Starting out, let me explain why there wasn’t a mass walkout and I am the only one that quit despite us basically being terrorized and treated like slaves. The job market was in shambles in my city at that time with something like a 40% unemployment rate. I knew someone with a doctorate degree in theoretical physics working at a local fast food joint as it was literally the only place hiring. To quit any job, no matter how bad, was financial suicide and a guarantee that you would not find a new one.
I always worked customer service, food service, and hospitality. At 24, I decided it was time to find a job with benefits and potential for career advancement, and I took a job with a global monstrosity that started out as a mom and pop store. I felt right at home.
I worked hard and constantly took the worst jobs and the worst days off to make sure I would be there on the weakest staffing days to rub elbows with management. It worked, and ten months in I found myself with an offer to promote to low-level management starting January 1.
Starting the weekend before Thanksgiving, the overnight manager started to under-staff shifts — to preserve his end-of-year bonus — and acted surprised when people called out. He would then bully us into staying over with threats of write-ups for not finishing our “assigned tasks.” Upper management was notorious for just signing off on write-ups without looking into their validity, so each staff being assigned 13+ hours of labor to complete in 6 hours was no defense. Since an employee could only get two of those write-ups in a rolling 13-month period before termination, we all would stay over, as well as skip our breaks and lunches to finish.
But there was a catch: since any approved overtime would count against his $73,000 bonus — approximately $0.11 per approved hour — he would never file the approval forms for the OT. This meant that it was considered unapproved, meaning that we were required to get approval to cut hours off our regular shifts to equal out what we stayed over. He, of course, never approved us to cut those hours.
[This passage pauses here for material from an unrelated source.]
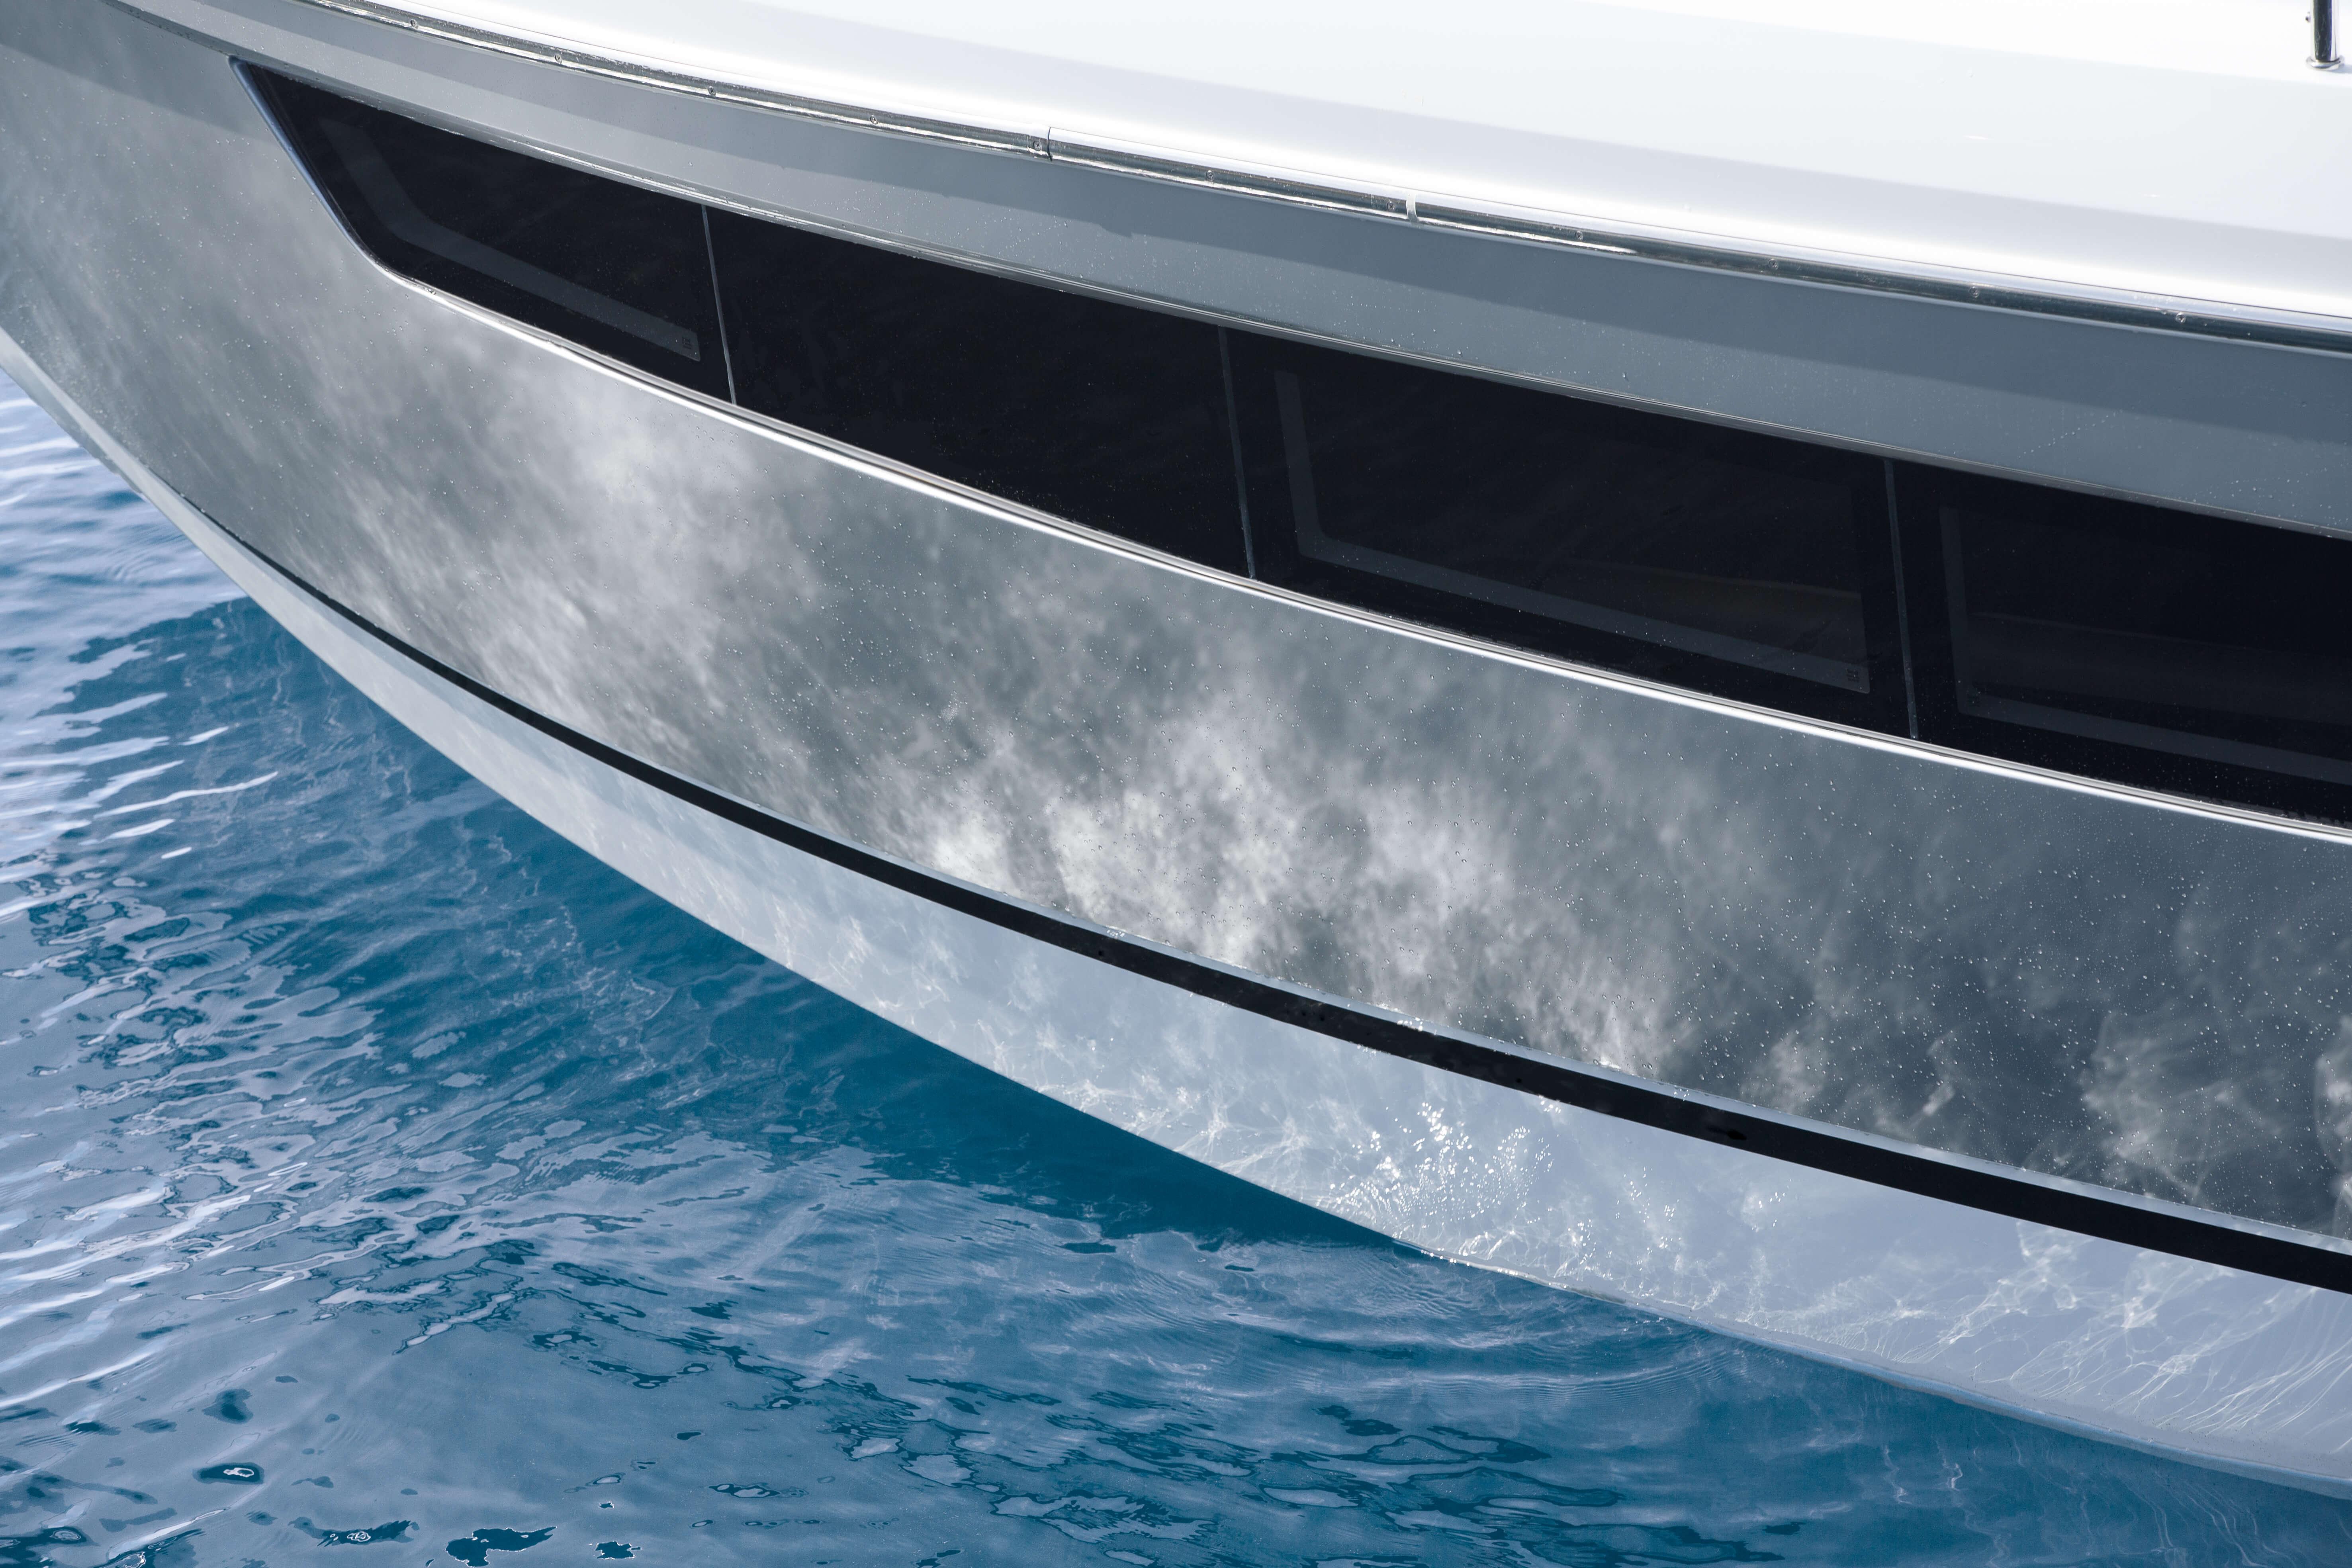 Exterior at anchor | hull, windows | Sealine

This was resulting in weekly write-ups, from the same manager, for unapproved overtime on those of us that made it to work every day despite the weather and missed holiday get-togethers with our families. Every week we would get our write-up and he would get praise for getting everything done with less staffing hours then typically allocated.
Thankfully, write-ups for unapproved OT didn’t carry a lot of weight, but for three months they counted against your points for promotion opportunities. This went on until the week before Christmas.
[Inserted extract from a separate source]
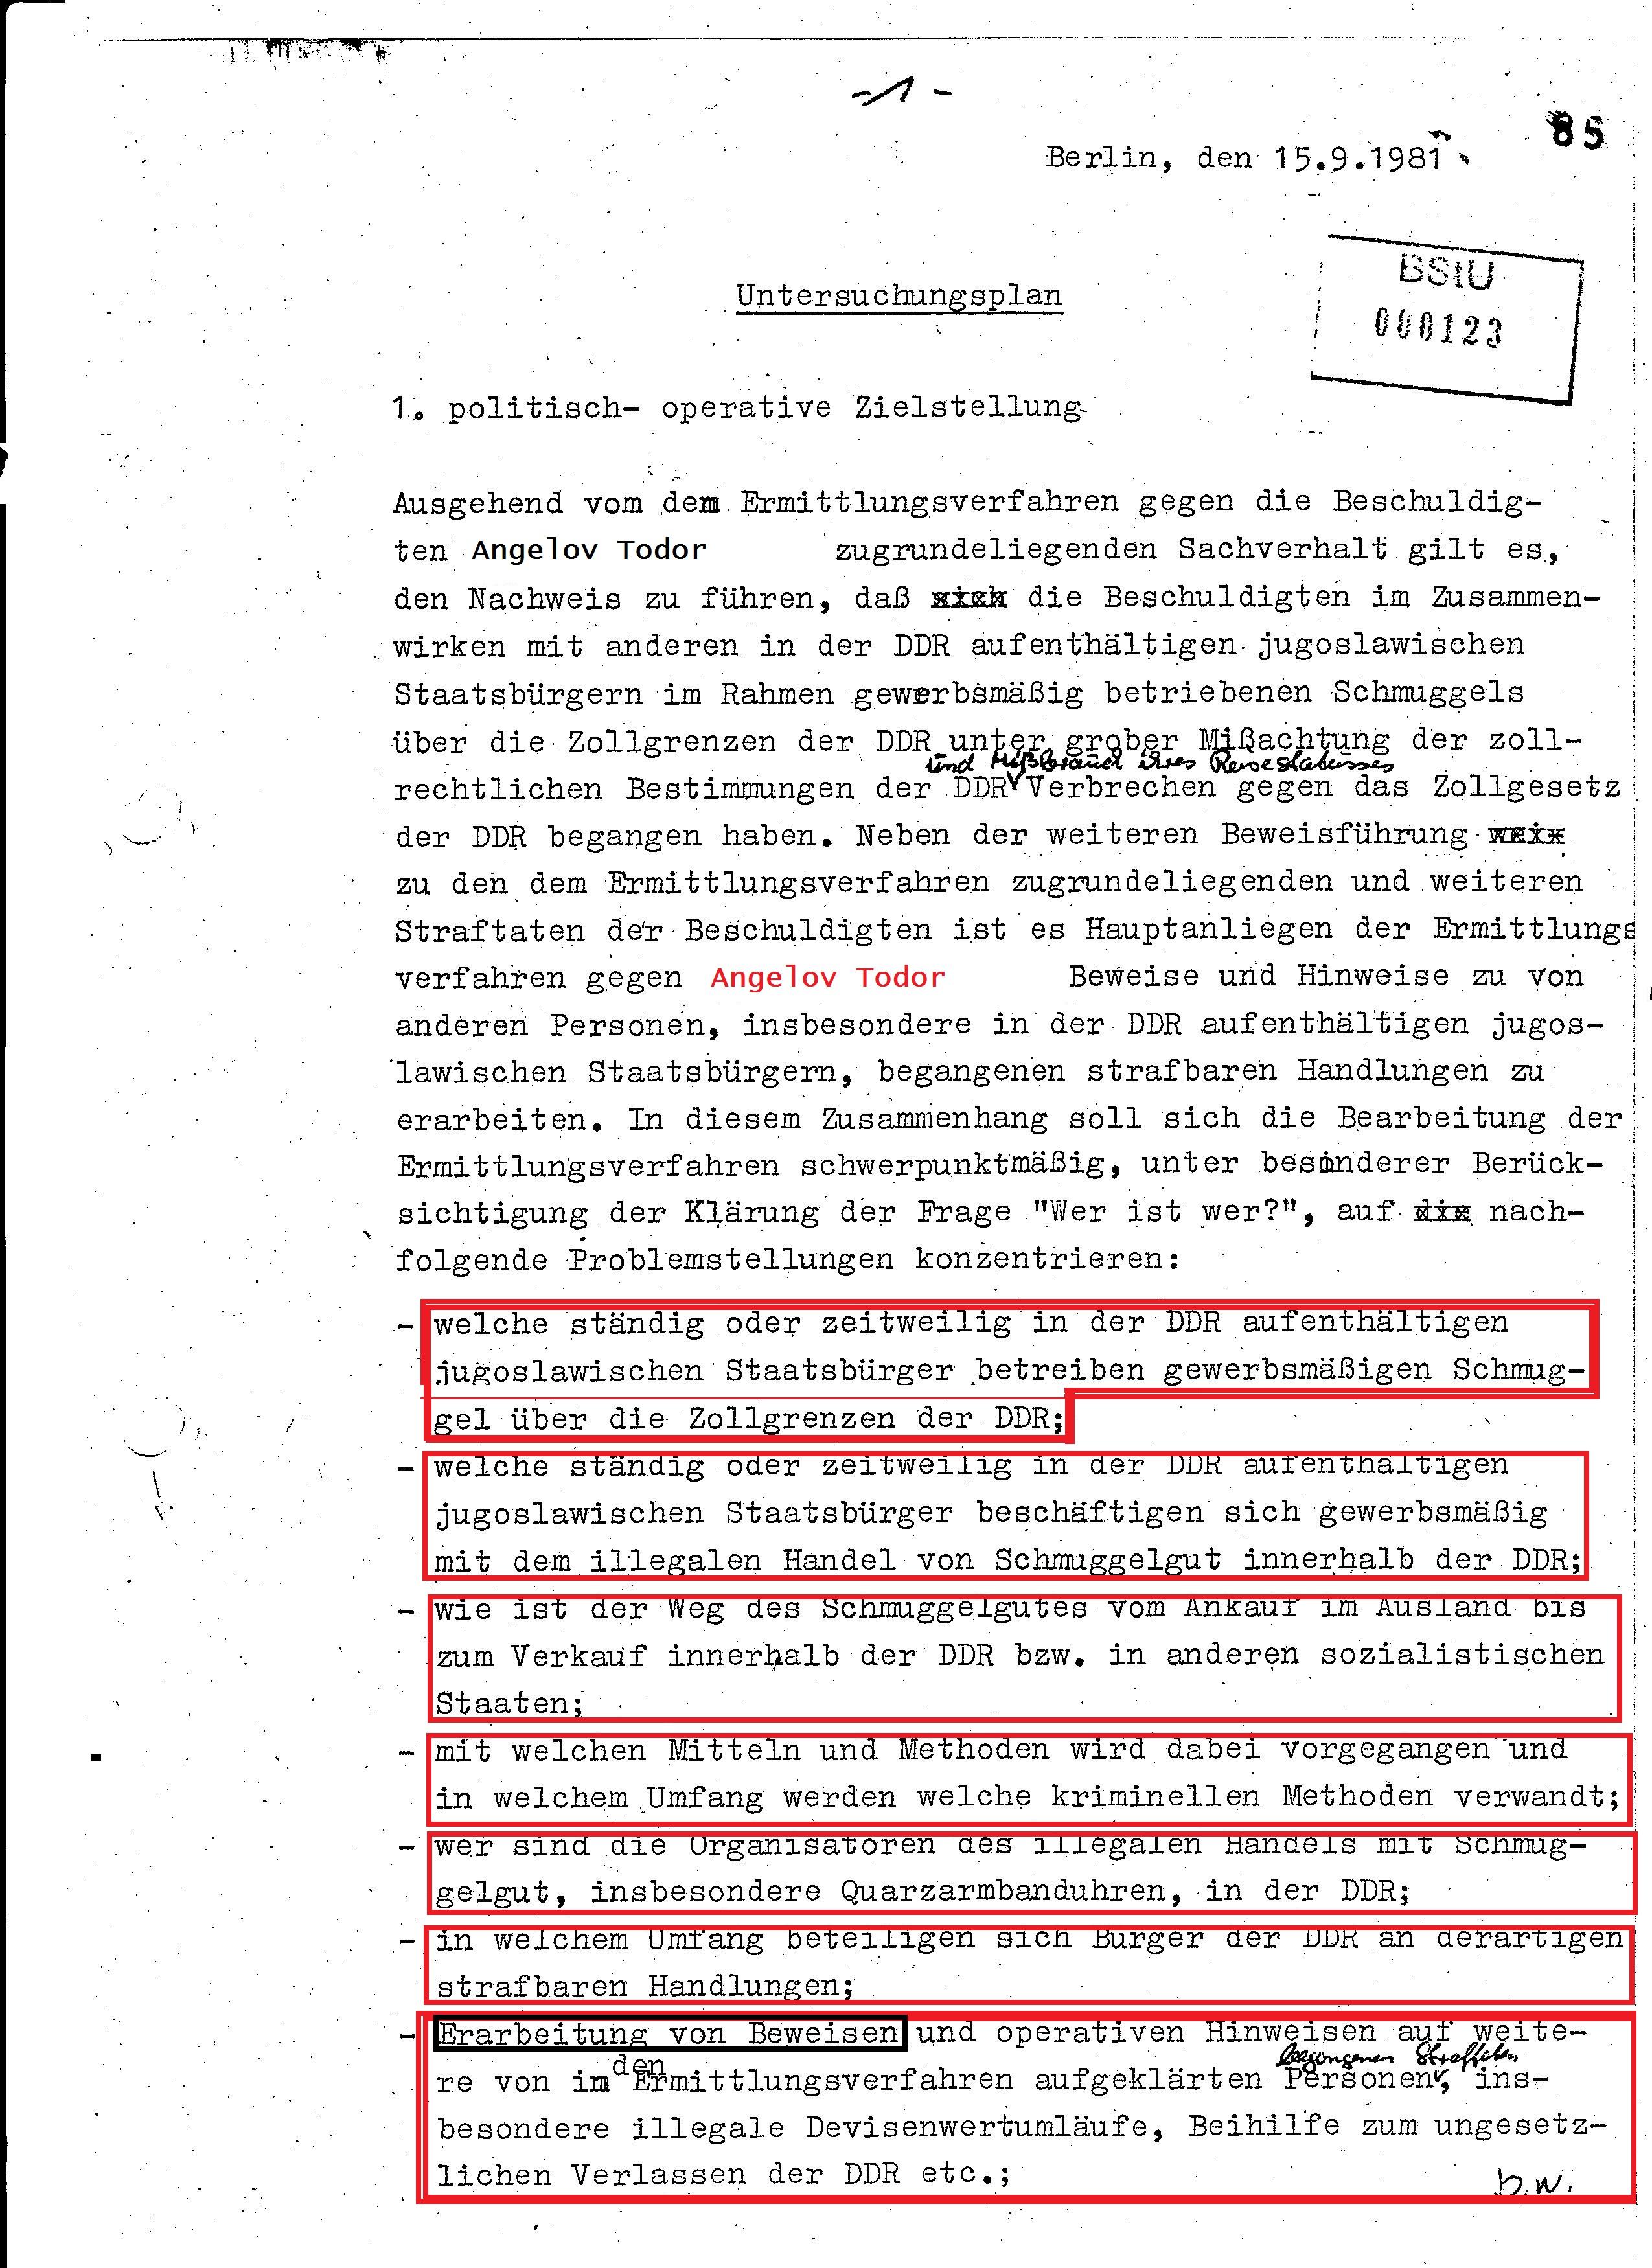 Erarbeitung von Beweisen und operativen Hinweisen auf weitere von den Ermittlungsverfahren aufgeklärten Personen begangene Straftaten, insbesondere Devisenwertumläufe, beihilfe zum ungesetzlichen Verlassen der DDR etc.

When I got my weekly write-up, I was told by the store manager — who offered me my promotion — I would be suspended for “overtime abuse” the next time my manager submitted a write-up for unapproved overtime hours. Determined to not lose my promotion, I started telling the manager no. The second time I refused to stay over without him signing an “overtime approval form” and giving me a physical signed copy, before I hit overtime, he wrote me up for “abusive actions towards a member of management” and “actions with intent to undermine the integrity of management and store policies.”
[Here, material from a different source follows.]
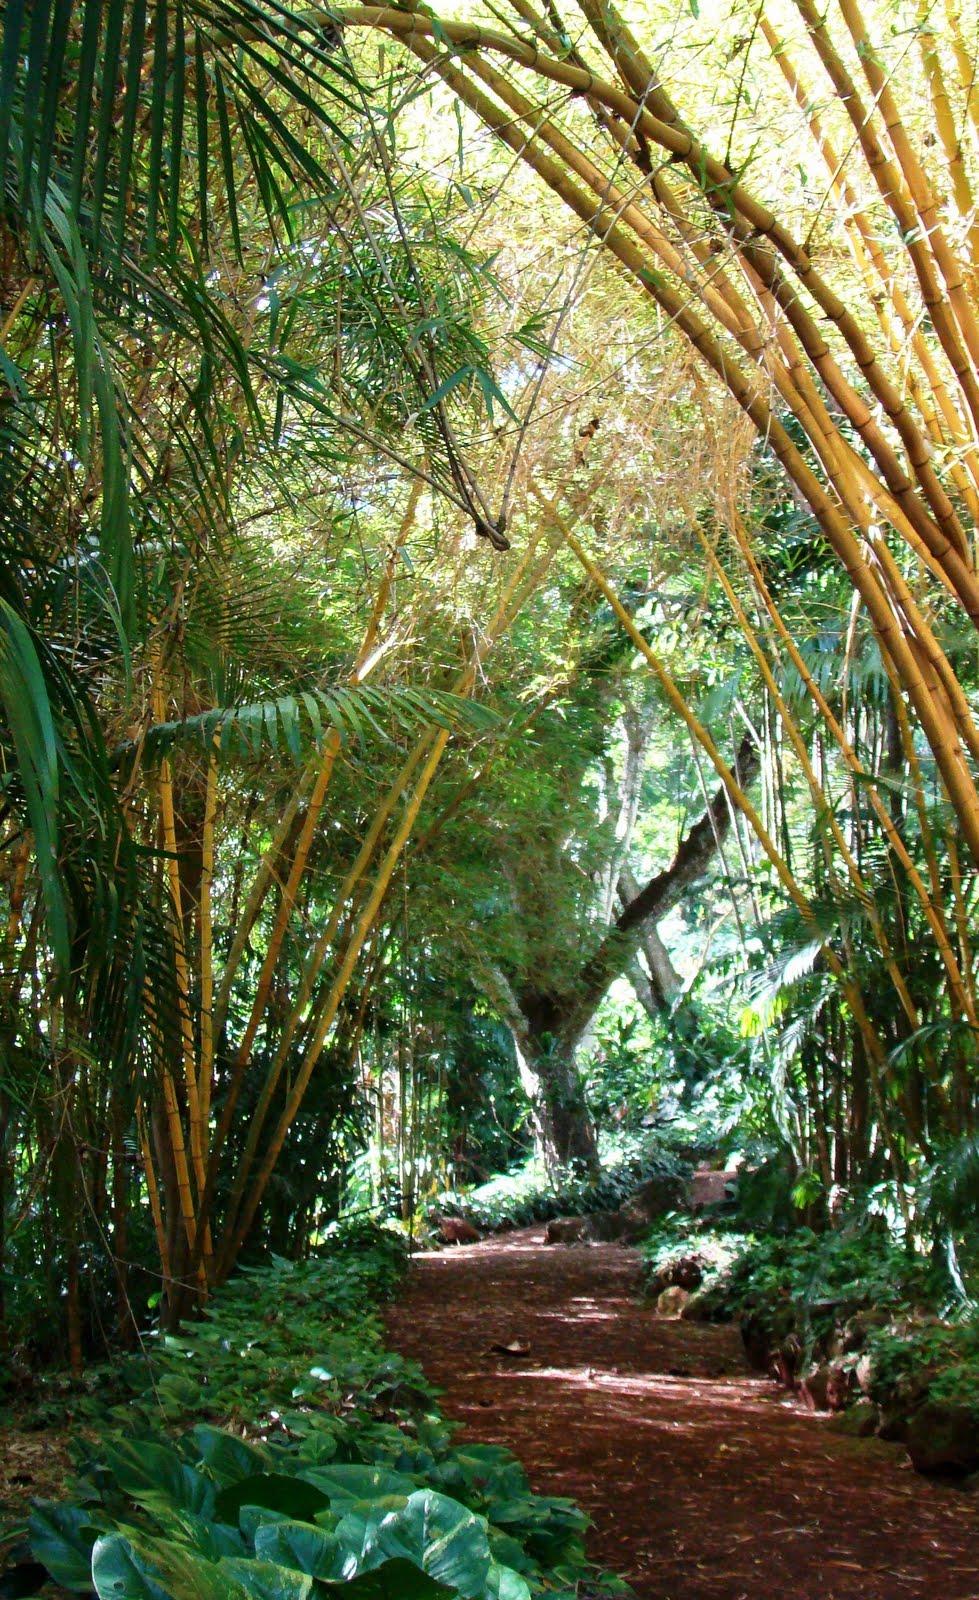 Serenity in the Garden: National Tropical Botanical Garden - Kauai

This instantly cost me my promotion, which greatly upset me, and then, like the idiot he is, he left me alone in his office to sign the write-ups and the acknowledgement that I was no longer promoting.
Initially, I was going to just accept it and resolve myself to spending the next 13 months working my tail off for minimum wage and go up for promotion as soon as they fell off. When I started reading the acknowledgement form, I found I was not eligible to promote to management until I was “write-up free” for five years. This meant six years and one month before I could even try to get promoted again. All because I followed policy.
So, rather than sign it, I wrote, “F*** OFF,” in sharpie on his brand-new desk — which he got for being such a great manager — walked out of his office, handed him my vest and name tag, shredded the write-ups and tossed them into the air like confetti, and told his no-longer-smug face that it was now my personal mission to get him fired.
He lost his cockiness when it sunk in I’d just quit. I could see little beads of panic sweat forming on his forehead, as he realized that the only person capable of performing certain highly-essential functions for his shift was walking out the door. He shouted after me, telling me that he could talk to the general manager and see if he could get the time frame cut down to three years. He offered to approve all of my overtime the rest of the season, offered me a cut of his bonus, and several other offers I can’t remember. Honestly, if he’d offered to withdraw the write-ups — which was still 100% an option but he never offered — I wouldn’t have accepted it, but I might not have followed through on my threat. I was too angry and too determined, and I didn’t care if I became homeless as long as I never had to work there again.
Now, how did I get him fired? Well, due to certain ADA requirements, I was permitted to carry a voice recorder with me at work so I could record important meetings, announcements, and reminders. When I got written up the first time for unapproved overtime, I started recording his “requests” to both me and coworkers. I never used them to dispute the write-ups, but I never deleted them, either. So, I uploaded all the recordings to my computer — nearly 18 hours of audio — and sent it to the home office, CCing every store manager and compliance officer in the district.
When I went in for my last paycheck, he was long gone. I was offered my promotion back, but I declined and said I wasn’t returning to retail.
After five months of being unemployed, living with my mom, and barely surviving, I moved to another state and got a job working with inmates and am very fulfilled.